Improving Cryo-EM Specimen Quality Using Surface Science - PROJECT SUMMARY
The goal of Phase I is to adapt DeNovX’s surface science approach to improving crystallization to challenges
in specimen preparation for cryogenic electron microscopy (cryoEM) that limit throughput and diminish
resolution. CryoEM is superior for studies of noncrystalline biological analytes including proteins, complexes,
and assemblies. Ideal cryoEM specimens require the bioanalyte to be evenly distributed and randomly oriented
in vitrified aqueous media on a support. Specimen preparation comprises the deposition of aqueous bioanalyte
on a support “grid”, thinning via blotting, and vitrification. Specimen quality is adversely affected by: (1) support
hydrophobicity, (2) partitioning of bioanalytes to the support film surfaces, (3) partitioning of bioanalytes to the
air-water interface, and (4) orientation bias.

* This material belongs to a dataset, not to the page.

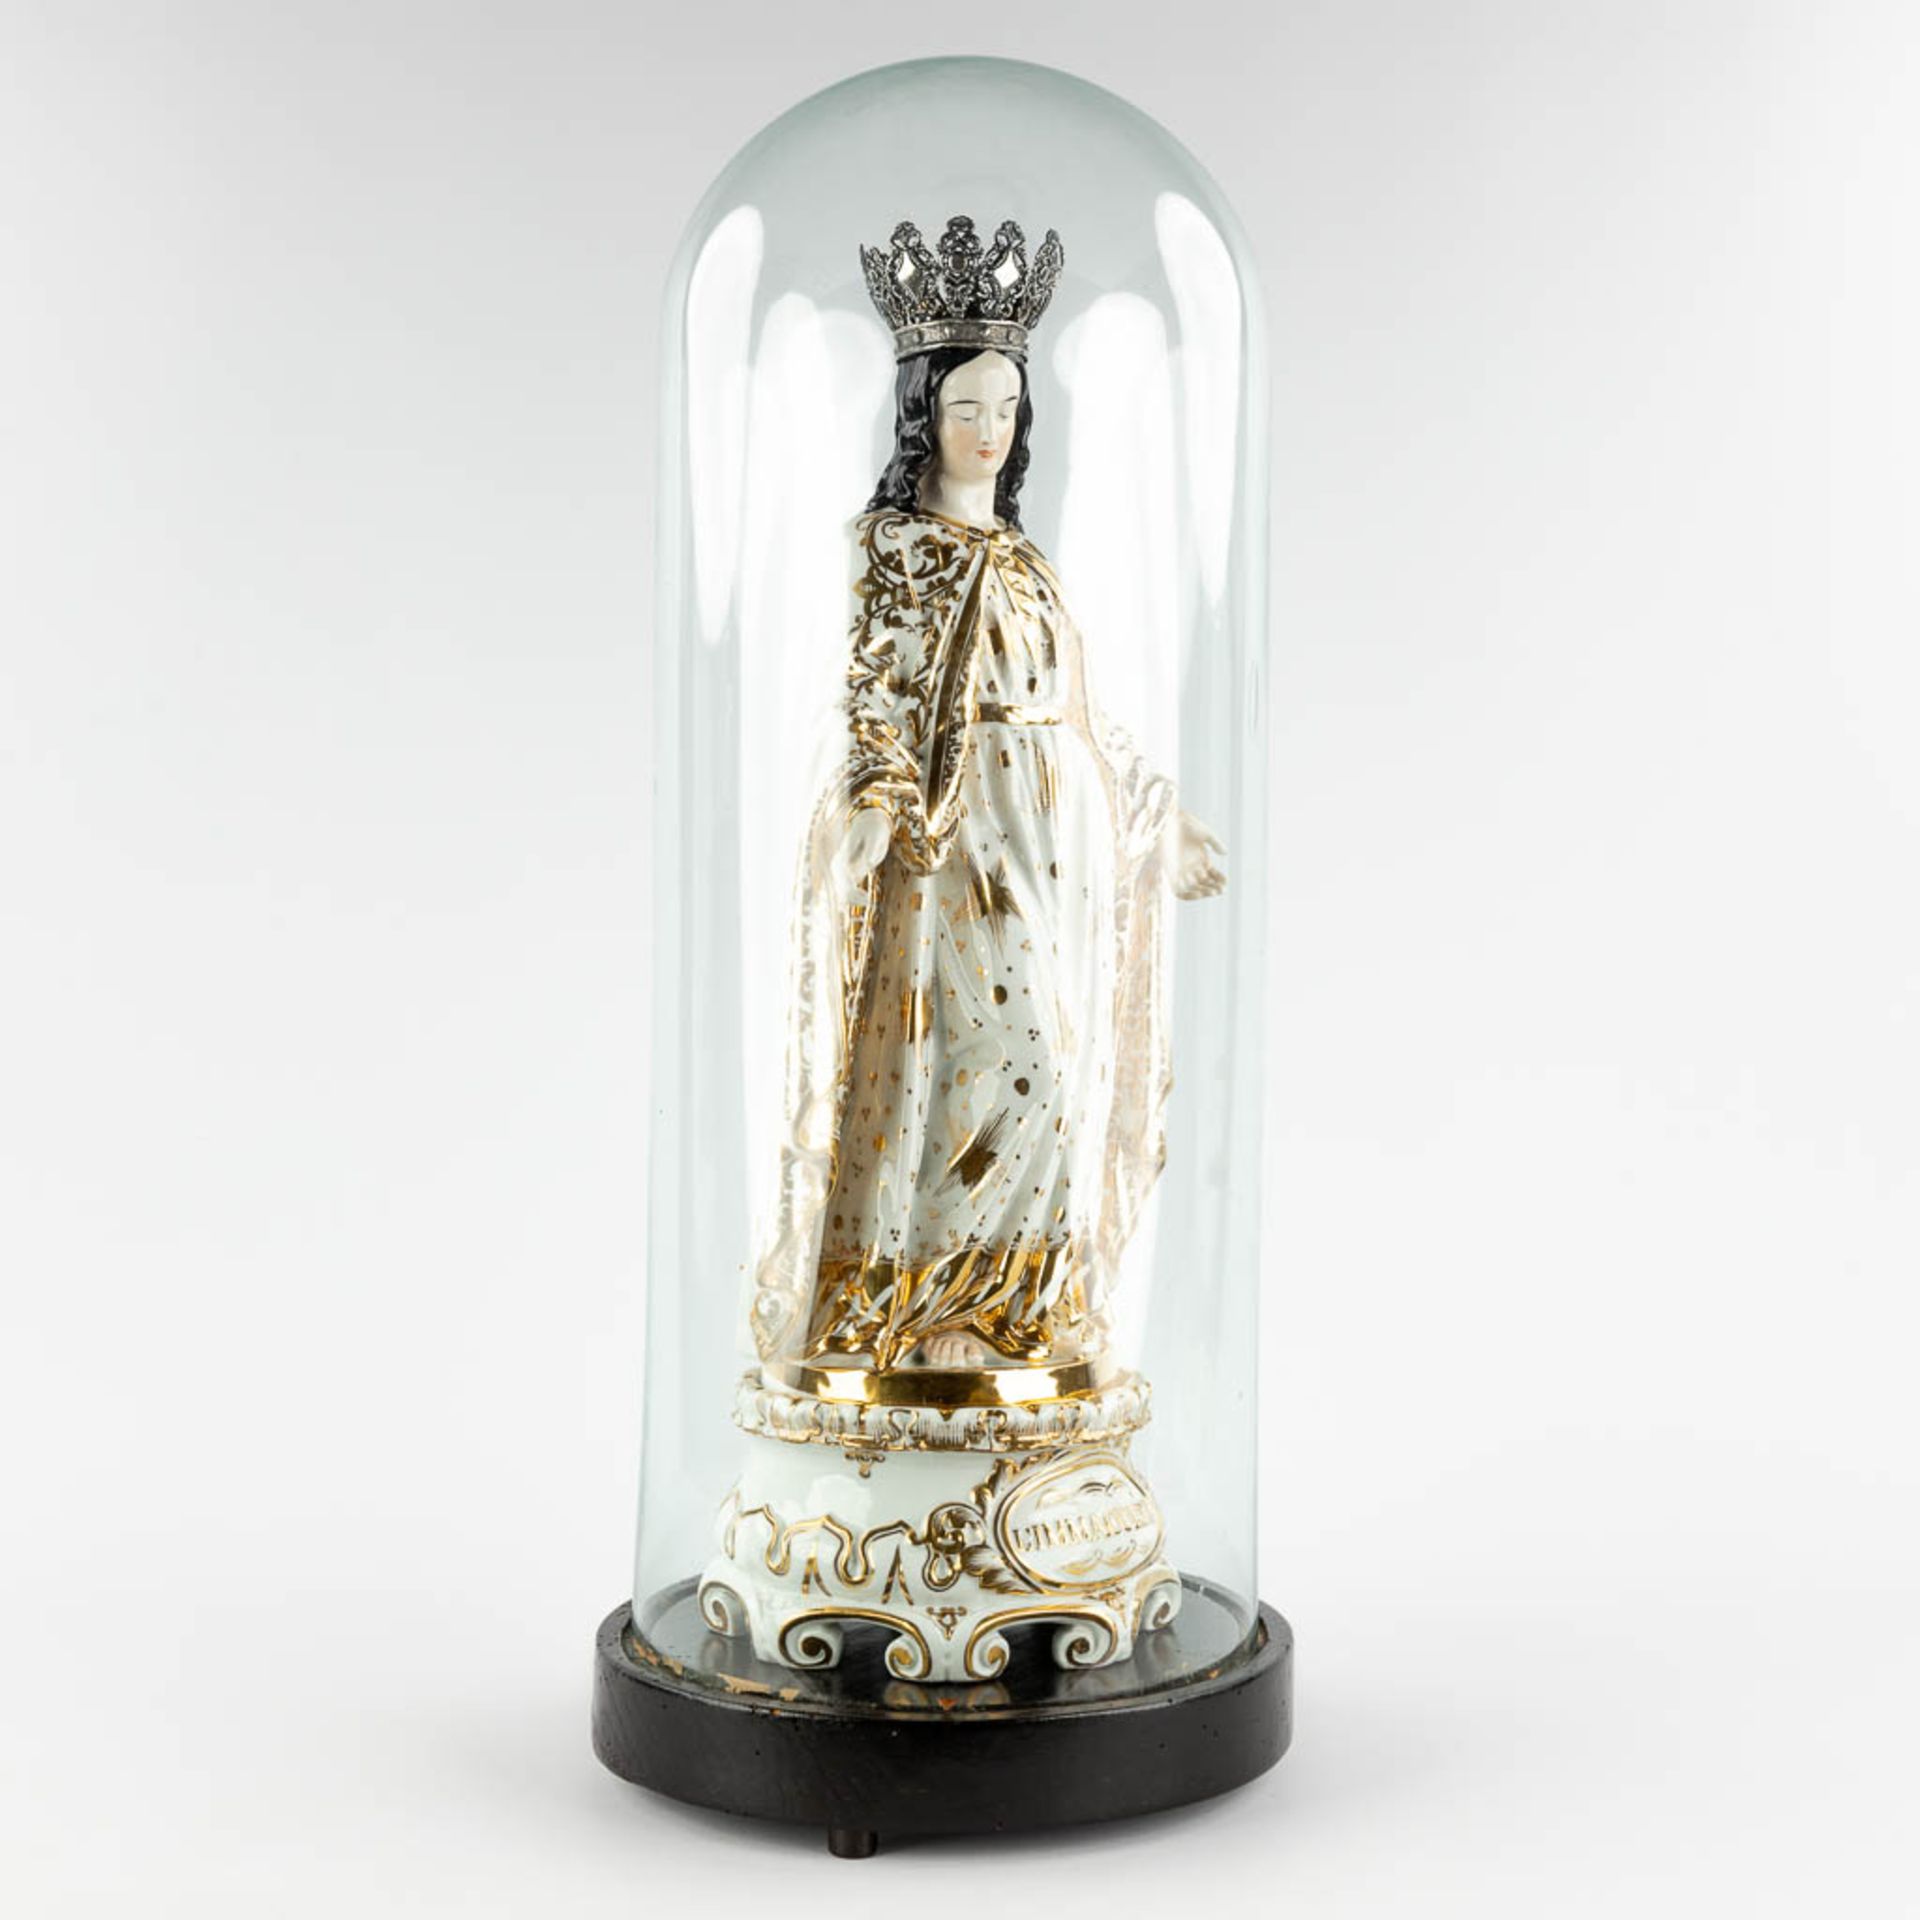 a large figurine of Madonna standing under a glass dome. Vieux Bruxelles porcelain. 19th C. (W:23 x - Image 3 of 11
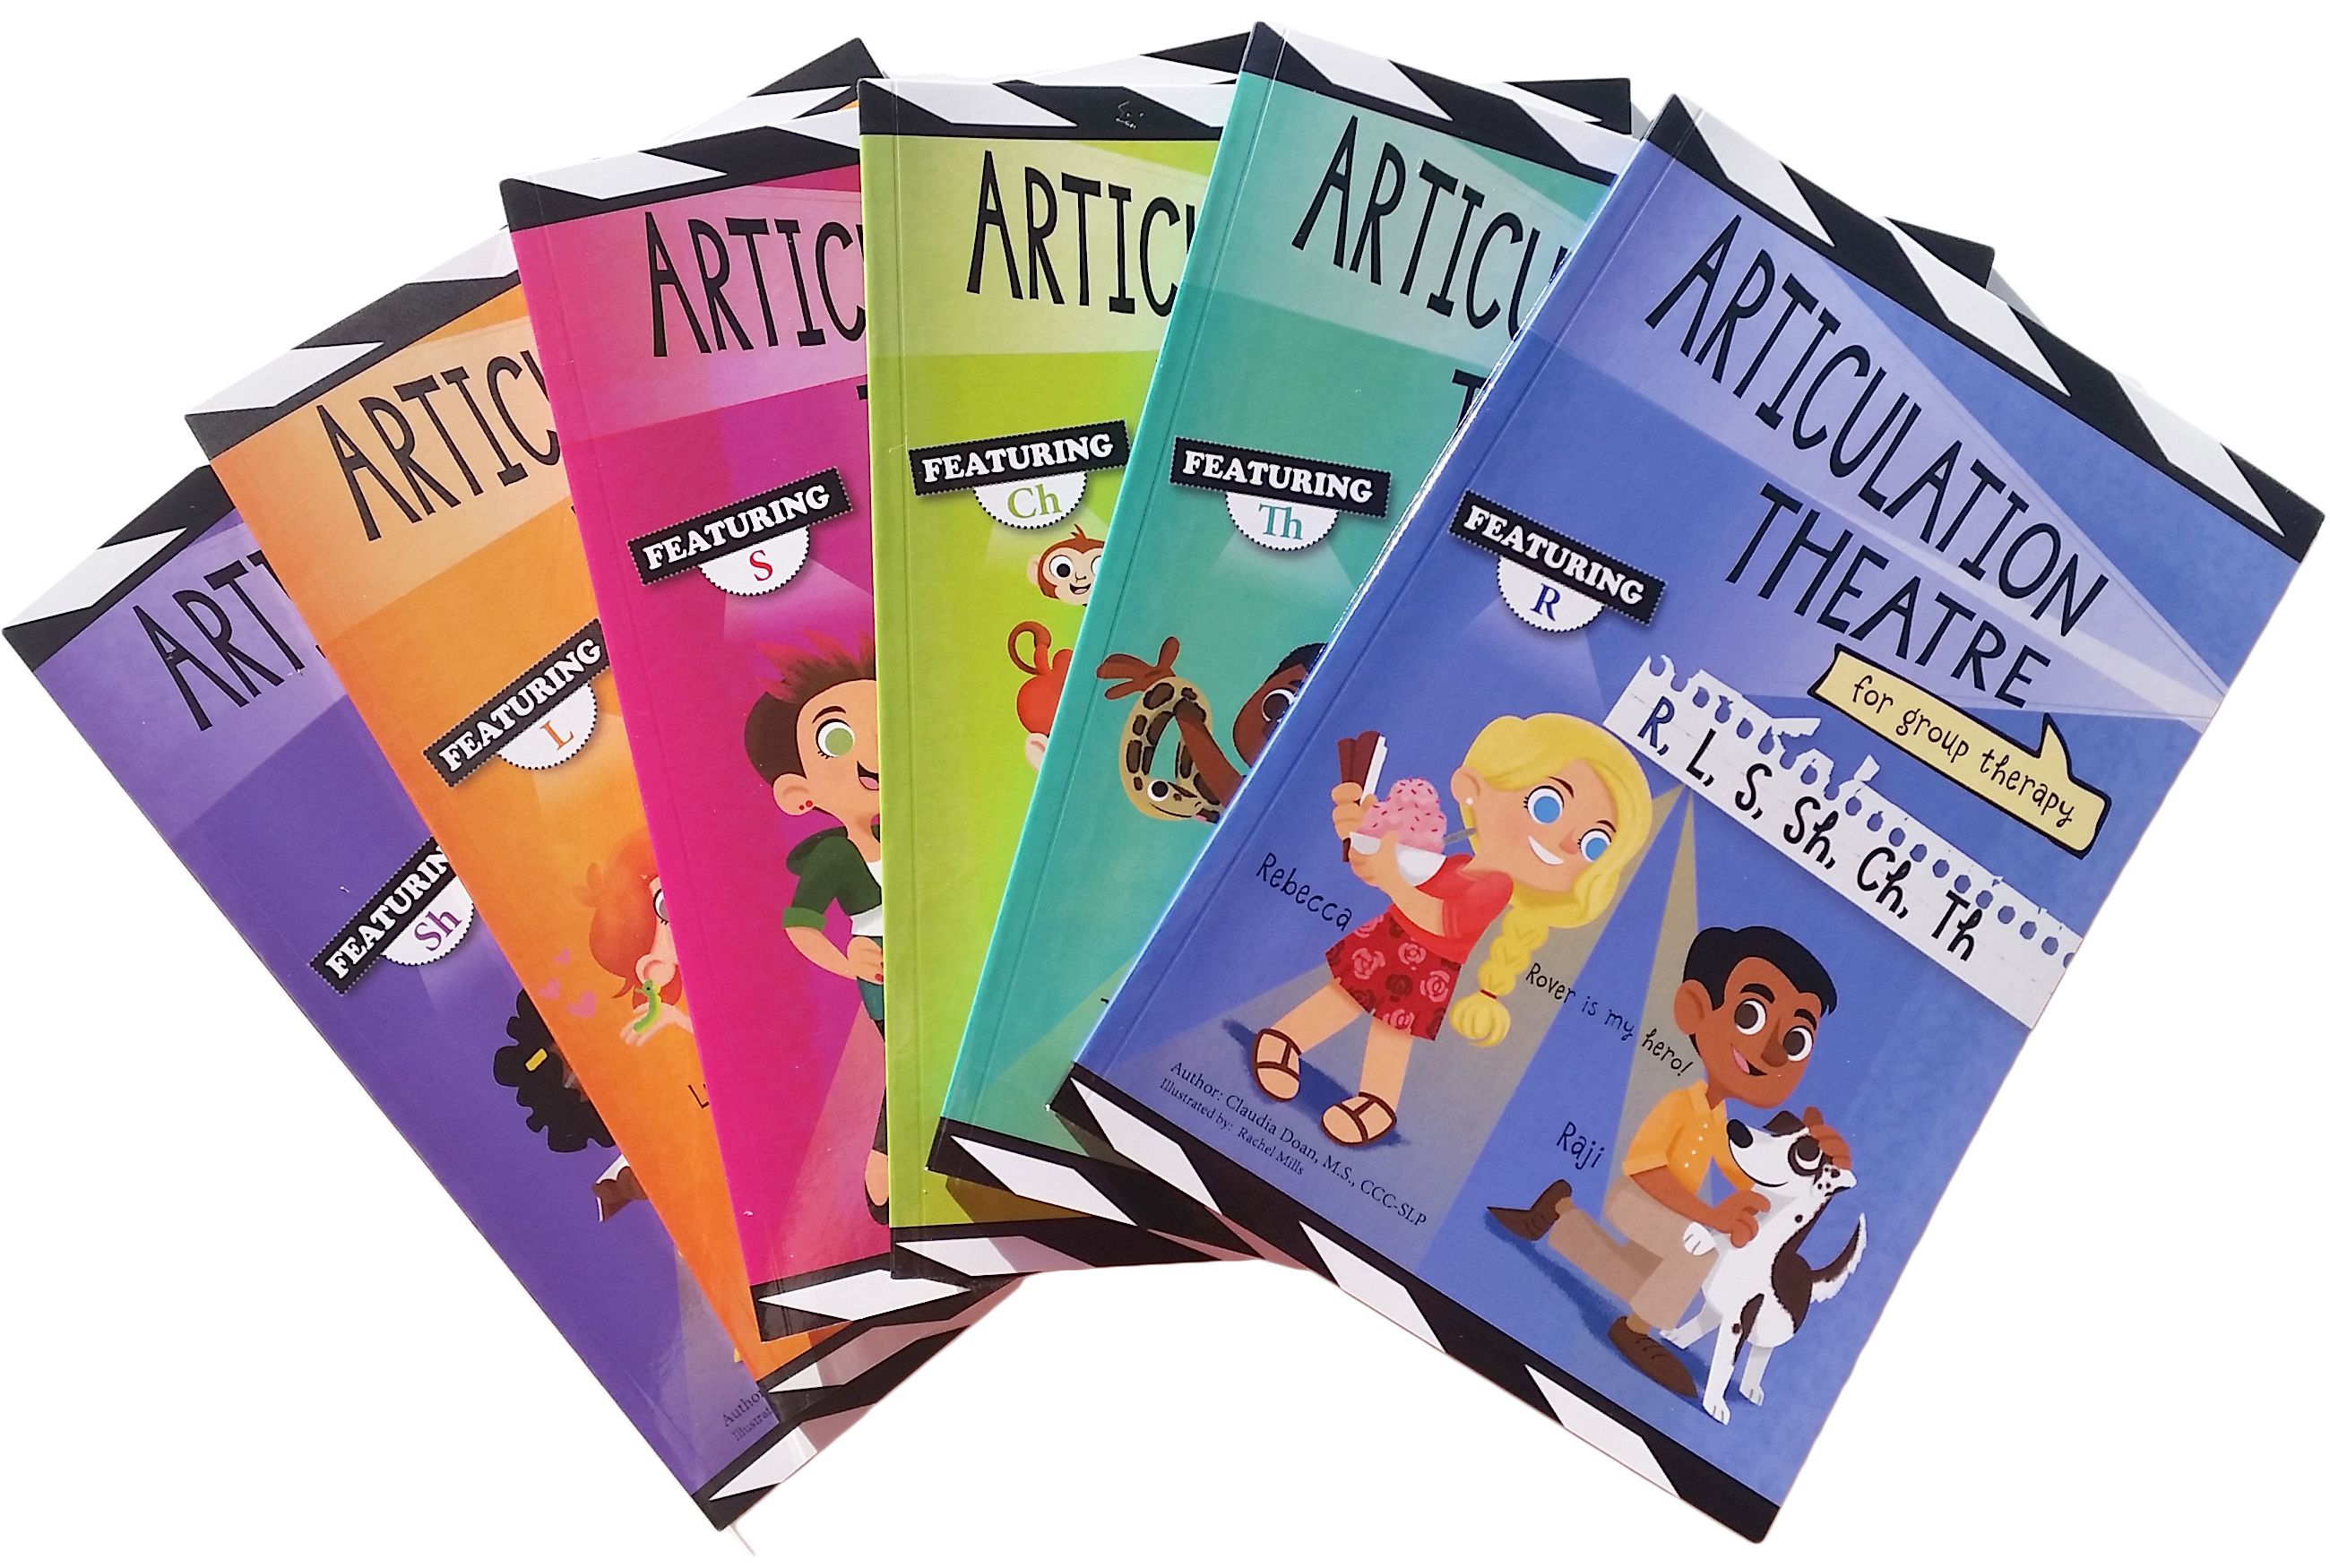 Articulation Theatre Speech Therapy Materials

DeNovX and Vanderbilt will expand their ongoing collaboration to
create innovative products using physicochemical surface modifications to tune the surface energy,
hydrophilicity, H-bonding, and interfacial surface charge properties of cryoEM supports to create
thermodynamically favorable domains that enhance bioanalyte incorporation while minimizing partitioning and
orientation bias. Improved cryoEM workflows and specimen quality will benefit Public Health through a better
structure-function understanding of diseases and potential therapies. Specific Aim 1 - Identify physical and
chemical modifications to Au- and C-based cryoEM specimen supports that enhance aqueous sample
adsorption across holes using replicate, controlled tensiometry and microscopy studies. Candidate physical
modifications for holey supports and continuous films (graphene/graphene oxide) include surface energy
tuning; texturing; etc.; and chemical modifications include plasma treatment; randomly anchored (covalent or
noncovalent) combinations of polyethylene oxide (PEO), polypropylene oxide (PPO), PEO/PPO copolymers;
hydroxyl-, alkyl-, or ionizable termini; etc. Confirm that the modified surfaces are comparably wettable (± 3) to
control supports using solution conditions for benchmark cryoEM bioanalytes (e.g., ferritin, E. coli ribosomes,
etc.). Rank and advance the top six physicochemical surface modifications showing increases of ≥ 10% in
hydrophilicity/surface energy or bioanalyte adsorption across support holes. Specific Aim 2 - Produce Au- and
C-based cryoEM specimen supports using the most promising physicochemical modifications from Aim 1 and
conduct controlled, replicate studies (n ≥ 3) of the benchmark bioanalytes using cryoEM to demonstrate that
surface modification does not decrease the S/N of vitrified specimens by ≥ 5% and that particle incorporation to
holes is improved by ≥ 10% or that useful particle losses to support film or air-water partitioning are reduced by
≥ 5% relative to controls. Random particle orientations will be qualitatively assessed for challenge bioanalytes
(e.g., the flagellar rotor, Krebs cycle enzymes, etc.) to confirm that orientation bias is not exacerbated . It is
anticipated that more randomly oriented particles will be incorporated into cryoEM grids, and Phase II plans
include maturing prototypes through technology demonstrations.